I’m still getting the hang of how things work in Grim Dawn’s engine, so I’m not exactly sure how to go about this. I understand that dbr files use templates to give the list of parameters you can edit in them, but I’m not exactly sure how to put this information into practice.
My end goal is to make a pet that, while summoned, reserves a chunk of the character’s mana ( and possibly incurring an active energy cost ). Using the spell again unsummons the pet, releasing the reserve. Should I make a new template that includes the typical summon templates ( base, activated, spawning ) as well as Parameter_Character to reserve the mana? Somehow I don’t see the game automatically making the connection that the reserve is supposed to happen while the pet exists. Maybe instead the pet itself somehow imposes the reserve? And then, how would the pet’s existence be tied to toggling the skill?
Creating a template isn’t really an option for many things, just because you can add a field into the template/dbr doesn’t mean it will actually work. Chances are you won’t be able to create a reserve for a pet.
What you’re wanting to do… not sure it’s possible but you can tinker around with workarounds using autocast triggers or pet skills.
Okay, understood. I’m looking into the pet skills route now, and I’m thinking if I make the pet have an aura buff with a large radius, one of its effects can be to apply a mana limiter. The million dollar question here is, can I make an aura buff affect only the pet owner, and not the other players in their party?
No you can’t make an aura that only applies to a certain player.
Also you can not make an aura that will reserve energy of someone else other than the caster himself.
You could try to add a negative energy regeneration to the aura but it will apply to everybody in the party.
As for auto casts, you can try to add an auto casted aura after the summon to reserve energy of the caster but you won’t be able to deactivate it on pet despawn.

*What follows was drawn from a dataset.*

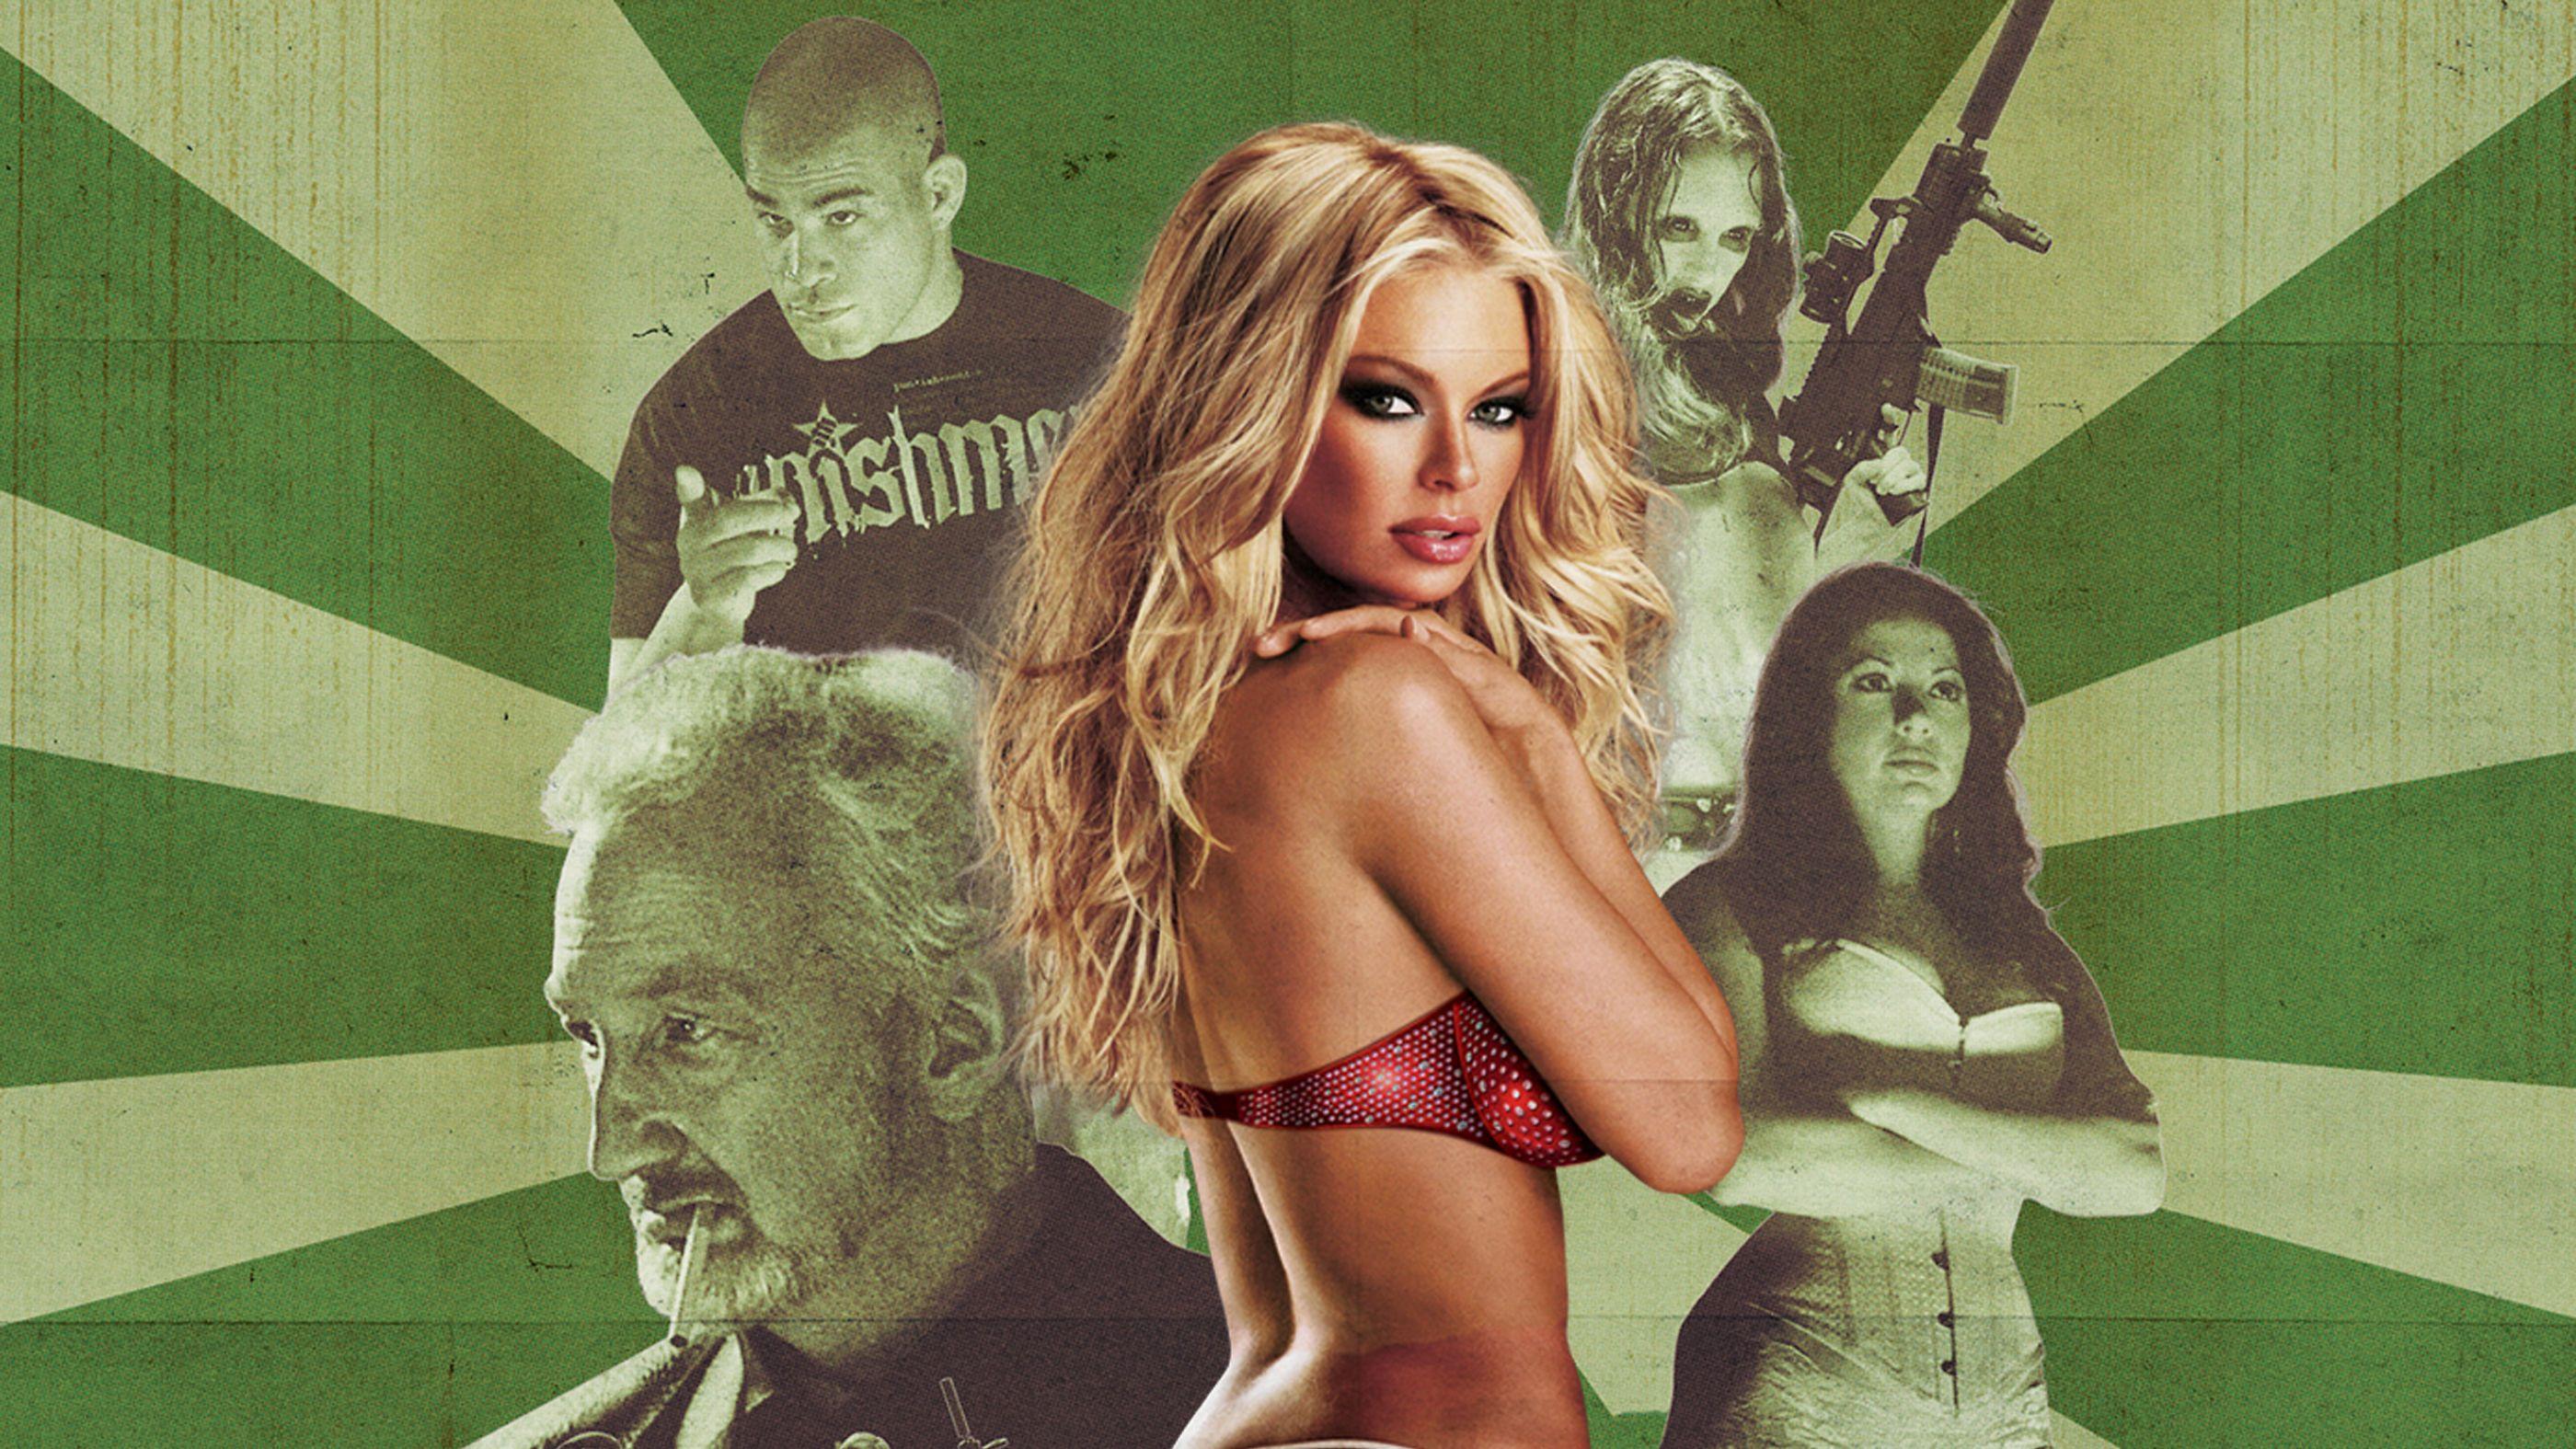 10 estrellas del porno que han salido en películas de terror

The only way that comes to my mind is that you make a huge energy cost to spawn the pet which it transfers back on despawn by casting a skill that return energy to the player when it dies.
The only downside is you can most likely not controll to whom the skill is casted if it is a single targeted cast and if it is not, it will return energy to the entire party.
There is a chance that you can change this behaviour by changing the pet’s controller’s Skill Usage (healLeaderHealthPercentage) but I never tested how this exactly works so no guarantee.
Also despawning a pet with the same skill only works by setting the summon limit to 1 and spawn a new one on clicking the skill, which will automatically despawn the old one (but also summon a new one and therefore cost the same energy again)
You’re hitting the limits of the engine here unfortunatelly. There is no skill or skill combination that was thought to work this way and you also can not simply introduce entire new skilltypes.
Also another information regarding dbrs and templates: Templates are only a text representation for the DBREditor and not for the game so creating new templates does not change anything in the behaviour of a skill.
What actually matters is the class of the skill, which has a defined set of options the game will read and interpret to cast the skill. Adding new ones or other ones from different skills will most of the time not work unless the game’s internal representation has this property for the skill you are targetting and it is just not written into it’s provided template for some reason.
This is all super useful information, thanks so much =)
Afterthought; I noticed there’s some lua code hanging around in the game files. Can that be used to any great effect, say for example… have a toggled buff ability that auto-casts a pet, and the pet has lua code that causes it to rapidly die if not under the influence of the toggle buff?